Tuesday, February 26, 2013

Raspberry Pi as a transparent squid caching proxy

Developing Openstack Heat means spending a fair amount of time building and customizing bootable cloud images. A lot of this time is spent waiting for RPMs, debs and tarballs to be downloaded by a vanilla guest OS running inside a VM. And given that I work from home with an average broadband connection in a remote country in the South Pacific, the result is some frustrating wait times.

Since the same packages are often being repeatedly downloaded, I would benefit from some local caching. This seemed like a good excuse to use a Raspberry Pi. I went with a Raspberry Pi B running Raspbian. The aim was to set it up as a bridge and run a transparent squid proxy between eth0 (the inbuilt network interface) and eth1 (a USB ethernet dongle).

Once I'd completed the initial installation, I installed the following:
$ apt-get install squid3 bridge-utils

eth0 and eth1 were set up to bridge on my network, and an iptables rule was set to direct any port 80 traffic that passes through the bridge to squid's default port.

The following changes were made to the squid configuration file. Since I'm interested in caching larger files the maximum_object_size has been set to 512MB. My Raspberry Pi is running on a 16GB SD card; for now I have configured cache_dir to use 8GB of that.

And did this actually help my image building time? Using diskimage-builder I ran an Ubuntu customization where the source image file was already cached locally. The first run populated the squid cache with apt repository packages and the second run had a hot squid cache. The build time went from (mm:ss) 04:20 to 01:20 which I'm pretty happy with.

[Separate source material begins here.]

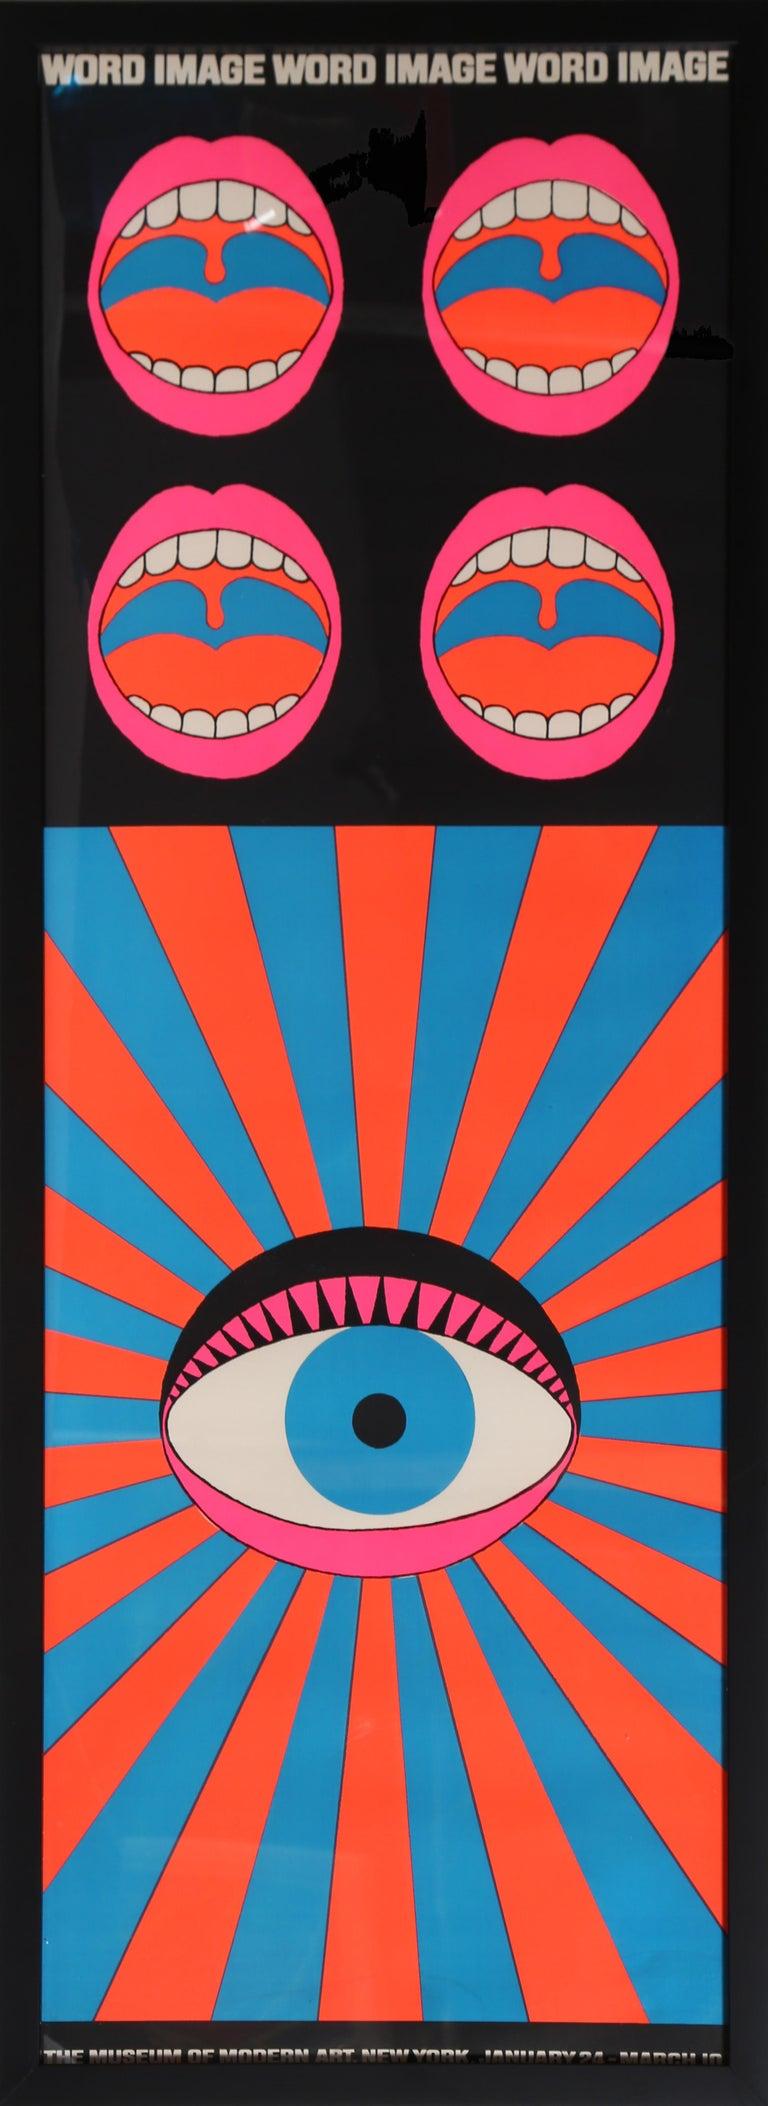 Artist: Tadanori Yokoo, Japanese (1936 - ) Title: Word and Image Year: 1968 Medium: Silkscreen Poster Size: 48 x 17.25 in. (125.73 x 43.815 cm) Frame: 49.5 x 18.5 inches

Doing the same with heat-jeos (which is based on oz) managed to get some cache hits on the second run, but had little impact on the (mm:ss) 22:30 build time.


GAD said...

It looks to me that you updated your kernel to include iptables. I installed the wheezy image and it does not include iptables.

Ben Nichols said...

Is there any particular reason you choose to create a bridge interface for intercepting? Rather than simply redirecting all traffic as most people do with two interfaces? What is the benefit of doing it that way, and if so, what am I missing out on?

Heres how I do it usually.

-A PREROUTING -i eth5 -p tcp -m tcp --dport 80 -j DNAT --to-destination
-A PREROUTING -i eth5 -p tcp -m tcp --dport 80 -j REDIRECT --to-ports 3128

dreamofccie said...

Interesting post. Have you considered using WCCP on the CISCO and setting up squid as an intercepting proxy? Do you think this is a viable idea? Also what was your performance like in the end? Any hit on this?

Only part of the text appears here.